(Records supplied begins)

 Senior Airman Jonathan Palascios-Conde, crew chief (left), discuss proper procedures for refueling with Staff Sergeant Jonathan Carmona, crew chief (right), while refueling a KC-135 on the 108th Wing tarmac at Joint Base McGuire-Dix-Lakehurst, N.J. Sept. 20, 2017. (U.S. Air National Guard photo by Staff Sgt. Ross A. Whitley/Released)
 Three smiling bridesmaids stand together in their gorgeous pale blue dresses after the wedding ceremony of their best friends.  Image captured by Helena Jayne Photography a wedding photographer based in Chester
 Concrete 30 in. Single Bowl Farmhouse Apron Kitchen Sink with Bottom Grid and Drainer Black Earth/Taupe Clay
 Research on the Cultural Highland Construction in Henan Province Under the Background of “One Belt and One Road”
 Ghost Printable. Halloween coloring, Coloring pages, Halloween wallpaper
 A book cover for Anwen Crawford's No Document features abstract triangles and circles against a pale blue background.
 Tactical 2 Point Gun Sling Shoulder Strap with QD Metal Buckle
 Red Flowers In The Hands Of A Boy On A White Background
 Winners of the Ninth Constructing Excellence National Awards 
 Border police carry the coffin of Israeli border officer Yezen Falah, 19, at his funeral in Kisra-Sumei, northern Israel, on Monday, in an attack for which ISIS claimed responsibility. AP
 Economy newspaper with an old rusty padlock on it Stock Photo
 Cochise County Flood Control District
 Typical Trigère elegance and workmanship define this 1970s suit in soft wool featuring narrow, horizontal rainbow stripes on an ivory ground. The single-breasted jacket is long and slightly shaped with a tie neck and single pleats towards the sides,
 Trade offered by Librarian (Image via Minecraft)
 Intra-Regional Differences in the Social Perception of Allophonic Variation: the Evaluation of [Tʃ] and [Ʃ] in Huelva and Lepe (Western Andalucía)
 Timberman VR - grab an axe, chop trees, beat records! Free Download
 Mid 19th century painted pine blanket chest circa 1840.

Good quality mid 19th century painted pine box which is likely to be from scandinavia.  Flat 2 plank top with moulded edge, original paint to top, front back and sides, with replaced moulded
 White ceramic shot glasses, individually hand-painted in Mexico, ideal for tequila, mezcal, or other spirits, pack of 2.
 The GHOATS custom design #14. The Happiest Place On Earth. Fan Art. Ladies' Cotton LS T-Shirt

(Records supplied ends)

Across the records above, tally the lines that contain "pale" and return the number alone.

Task result:
2